• [Material provided]:

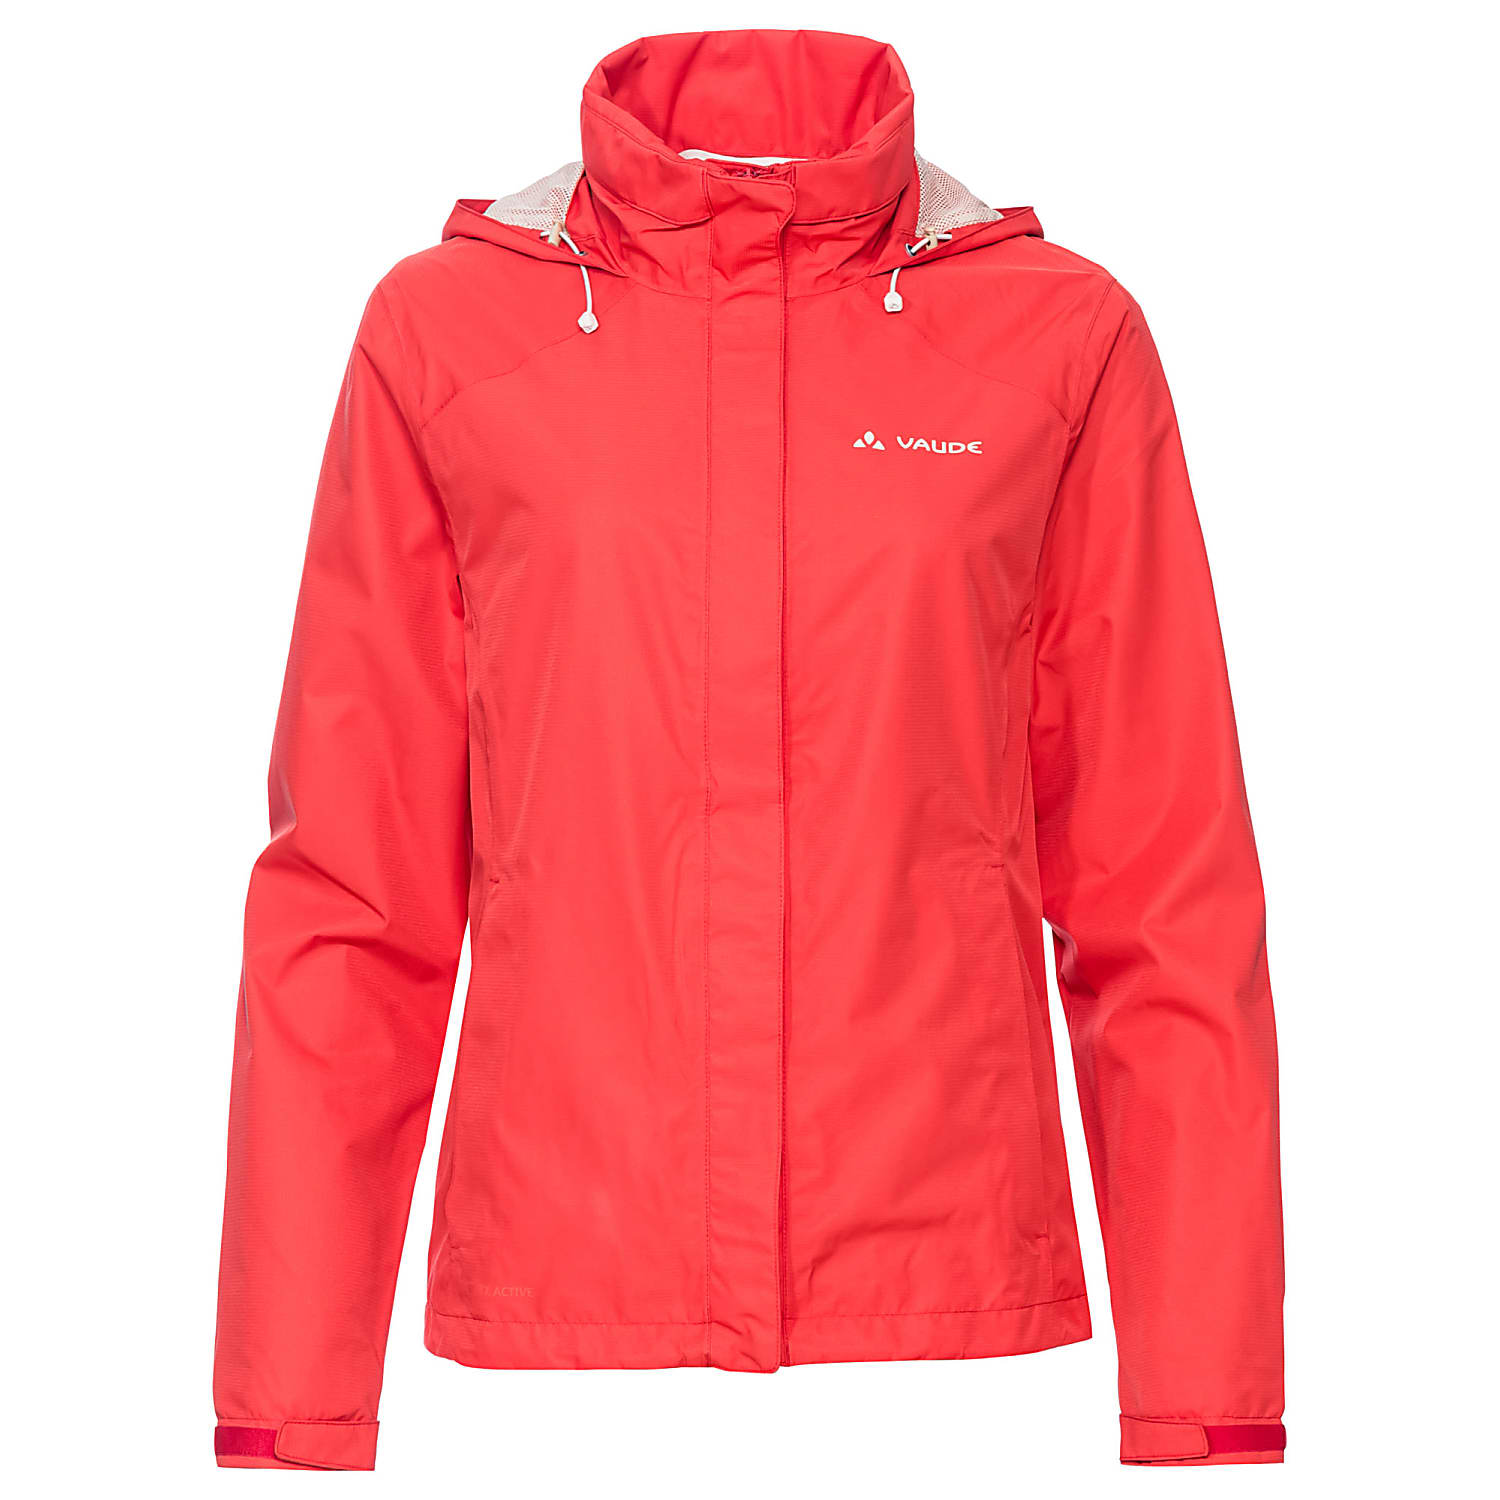 Vaude WOMENS ESCAPE BIKE LIGHT cheap Flame - Fast shipping JACKET, and
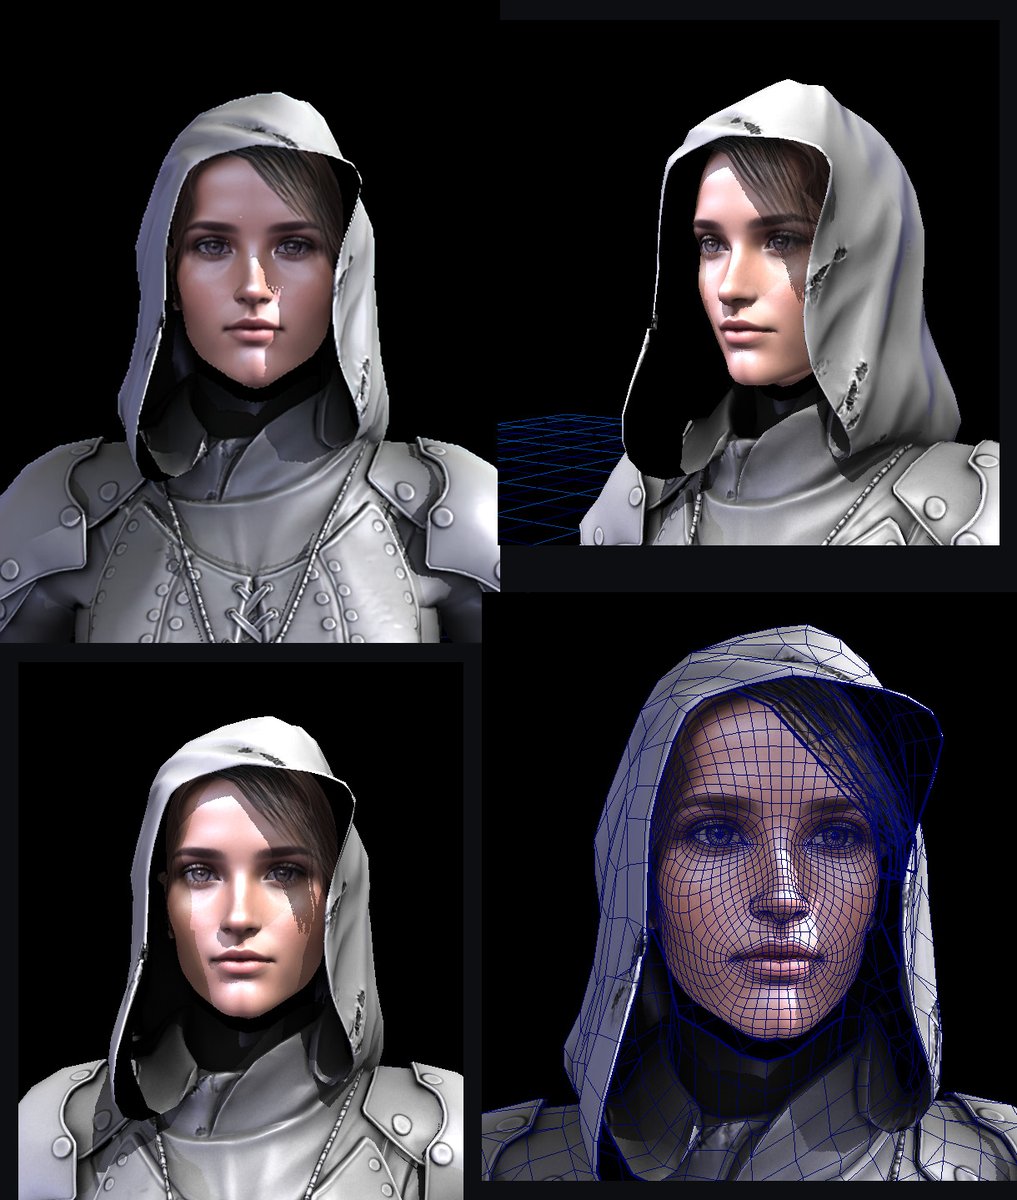 A face test for one of the female inquisitors for @TheFabled 
(in-game version)

#theFabled #fantasy #game #rpg #darkfantasy #inquisitor #web3 #characterart #FinalFantasy #fun #model #face
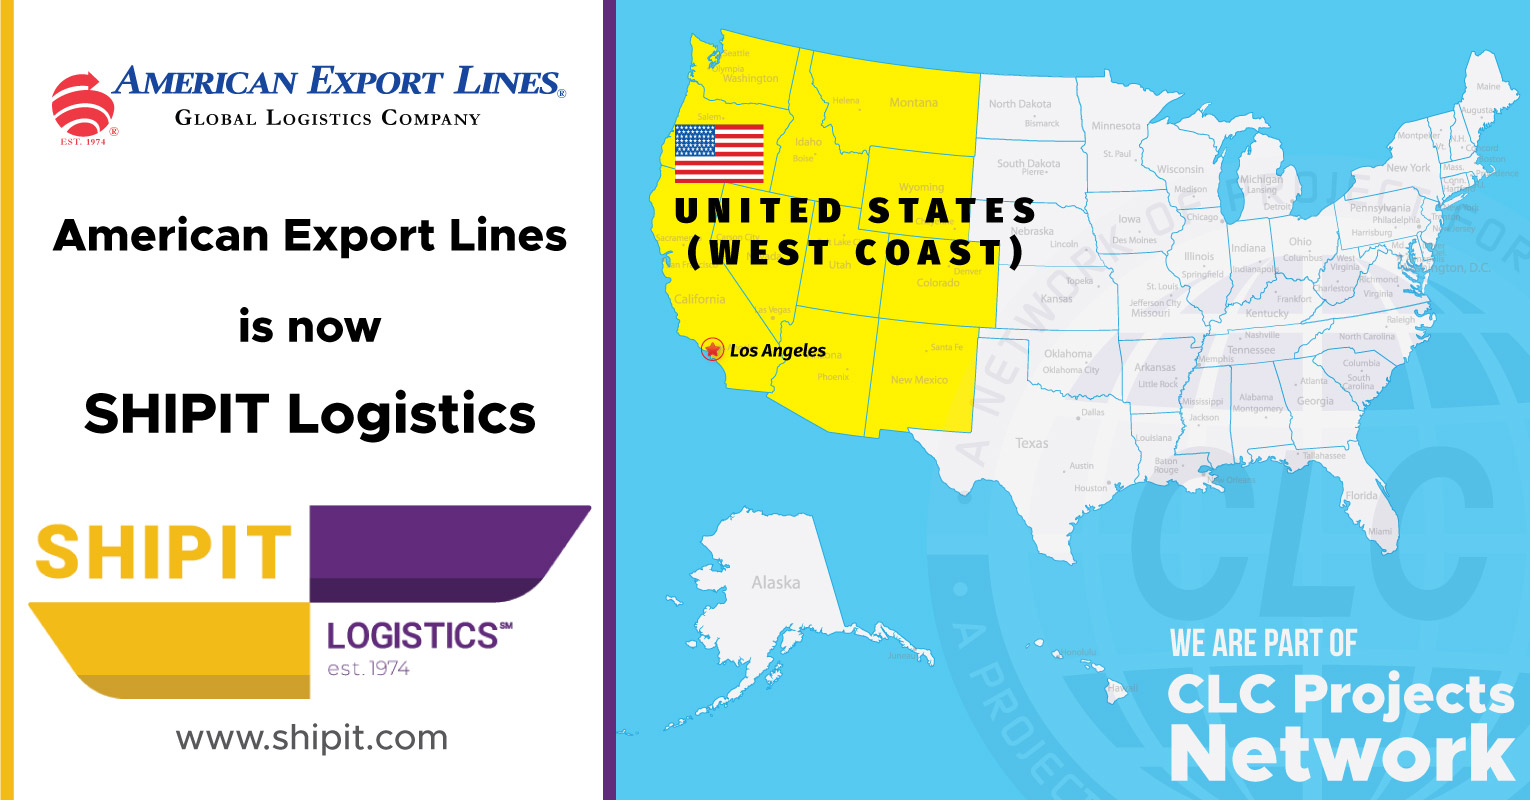 American Export Lines is now SHIPIT Logistics

• [Directions for this task]:
What is needed is a verbatim copy of the lines running from the one with "(in-game version)" through the last line of the listing above, excluding any pictures.

• [Finished task]:
(in-game version)

#theFabled #fantasy #game #rpg #darkfantasy #inquisitor #web3 #characterart #FinalFantasy #fun #model #face
 American Export Lines is now SHIPIT Logistics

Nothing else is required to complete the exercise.